Brasil. Abriram a janela de Lula mas ninguém a cruzou

Um magistrado de plantão, mercenário ou garimpeiro das aspirações perdidas, quase evadiu o ex-presidente.

Não passou tudo de um simulacro de liberdade e Lula da Silva continuará preso na cela de 15 metros quadrados da Superintendência da Polícia Federal de Curitiba, onde, com toda a probabilidade, assistirá às eleições nas quais seria vencedor antecipado. No começo da noite portuguesa, o juiz relator do processo que condenou o ex-presidente a 12 anos e um mês de prisão reverteu a surpreendente decisão do início da tarde, segundo a qual Lula da Silva seria libertado por via de um habeas corpus que já todas as altas instâncias brasileiras recusaram. O dia terminou no anticlímax: o líder das sondagens teve um pé na liberdade, mas de novo viu-se encurralado entre dois Brasis. E de novo foi engolido.

Aceitamos que o caso é complexo e tem reviravoltas bastantes. Contamo-lo sinteticamente. Na manhã brasileira e início da tarde portuguesa deste domingo, o juiz de plantão e desembargador no Tribunal Regional da 4ª Região, Rogério Favreto, explodiu na celebridade instantânea ao imprevisivelmente aceitar um habeas corpus apresentado por três deputados do Partido dos Trabalhadores. Favreto, de quem se veio a saber rapidamente que foi funcionário dos governos Lula e militante do seu partido, sustentou que as decisões do Supremo Tribunal Federal e Superior Tribunal de Justiça não tinham fundamento, argumentou que a participação de Lula da Silva nas eleições é imprescindível à vida democrática brasileira e sustentou que a condição de pré-candidato é suficiente para se repensar a sua liberdade. “Cumpra-se em regime de URGÊNCIA”, ordenou o homem de plantão.

Este estado de coisas, urgentíssimo, assemelhou-se quase uma evasão jurídica da cadeia. Os três deputados do habeas corpus deslocaram-se à Superintendência de Curitiba para se assegurarem de que o ex-presidente sairia este domingo da prisão. Parecia alumiar-se de novo a cavernosa perspetiva da esquerda brasileira para as eleições de outubro. A janela estava aberta, mas Lula não a atravessou. Sérgio Moro, o relator do processo Lava-Jato, foi o primeiro a agir. Declarou Favreto uma “autoridade absolutamente incompetente” para contrariar as deliberações das mais altas instâncias jurídicas. Garantiu que não permitiria a liberdade.

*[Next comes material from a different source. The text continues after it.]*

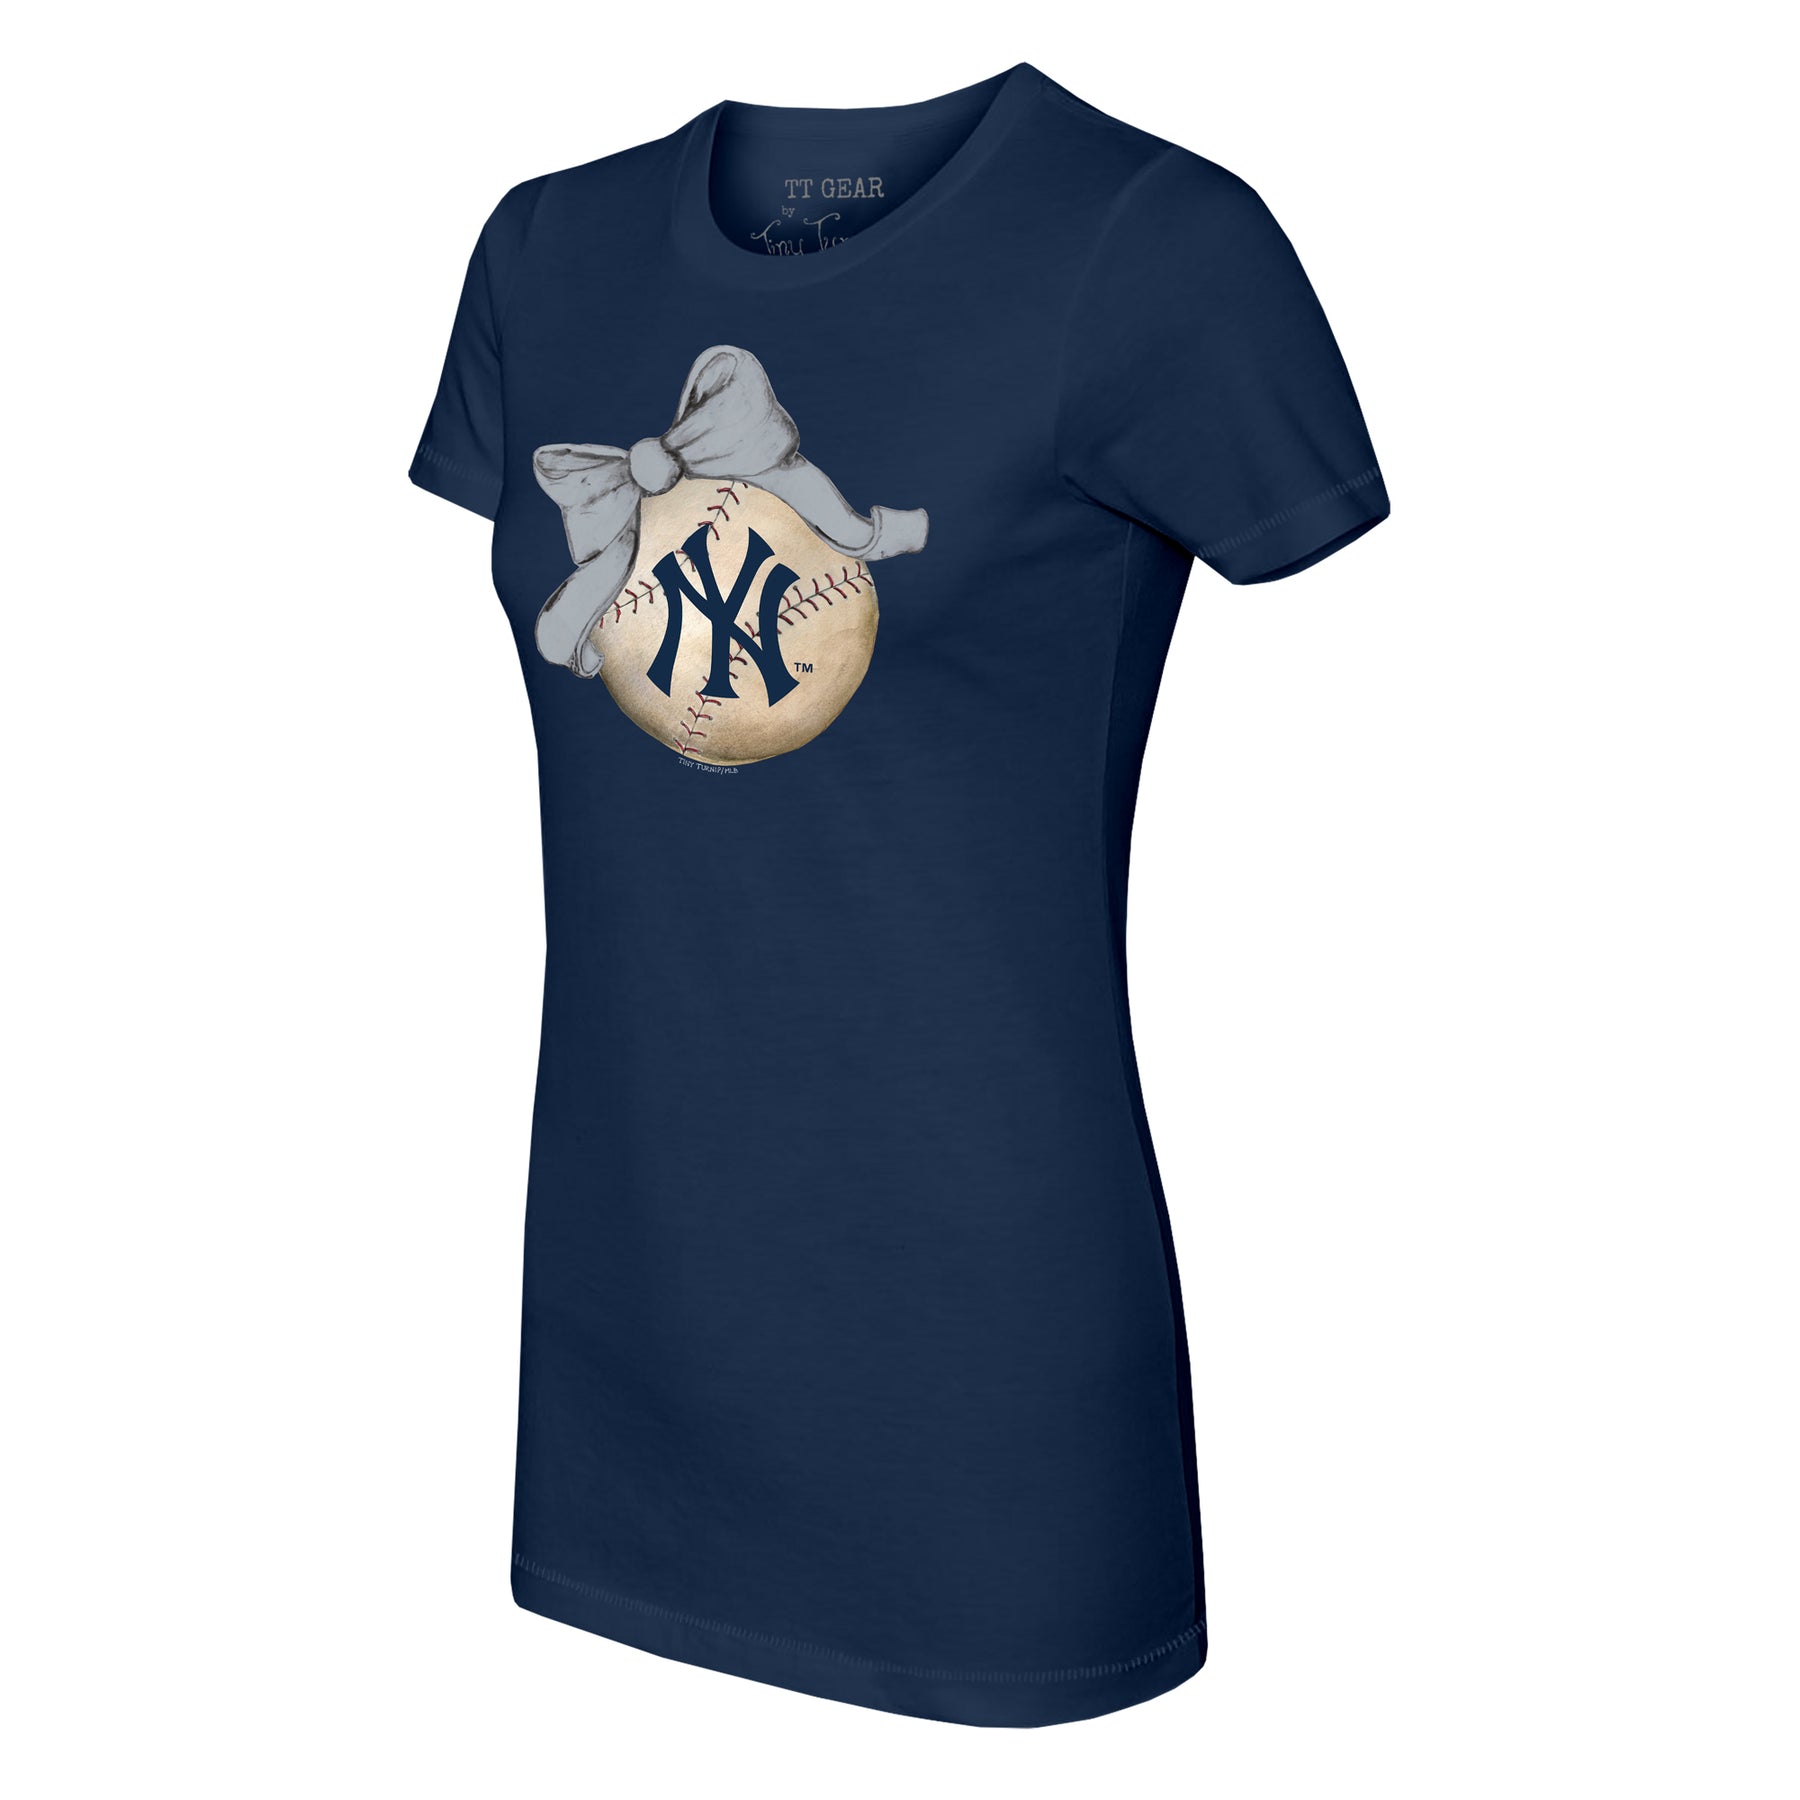 Official Ladies New York Yankees Jerseys, Yankees Ladies Baseball

Jornalismo a toda a velocidade: recolheram-se testemunhos sobre Favreto; revelou-se que o magistrado tentara sancionar Moro por considerá-lo em conflito de interesses – como argumenta o PT sobre o homem que diz vestir a capa de justiceiro nacional em benefício da sua própria ambição – e, minuto a minuto, exibiram-se as primeiras manifestações dos brasileiros que pensavam que Lula regressava à luz por força de uma regra espontânea.

Superficial esperança. De novo as aspirações dos que querem regressar aos braços do mais transformador e consequente presidente brasileiro se esvaíram. O juiz relator do processo que condenou Lula da Silva a 12 anos e um mês de prisão – João Gebran Neto – interveio e suspendeu a liberdade “urgente” de Lula. O Ministério Público recorrerá e, quase certamente, vencerá.

E Neto não atacou apenas Favreto, um instantâneo apóstolo da polarização. Lançou-se ao segundo Brasil; aquele que se por momentos, este domingo, regressava a Lula. Chamou-lhe “absolutamente incompetente” e assegurou que a apoteose era farsa.

Mercenário, ou garimpeiro de uma aspiração perdida, Favreto, como Lula ou Moro, parece sintoma de um país esquartejado. De súbito odiado e amado, polarizador, Favreto escolheu a sua lei. Apenas não vingou.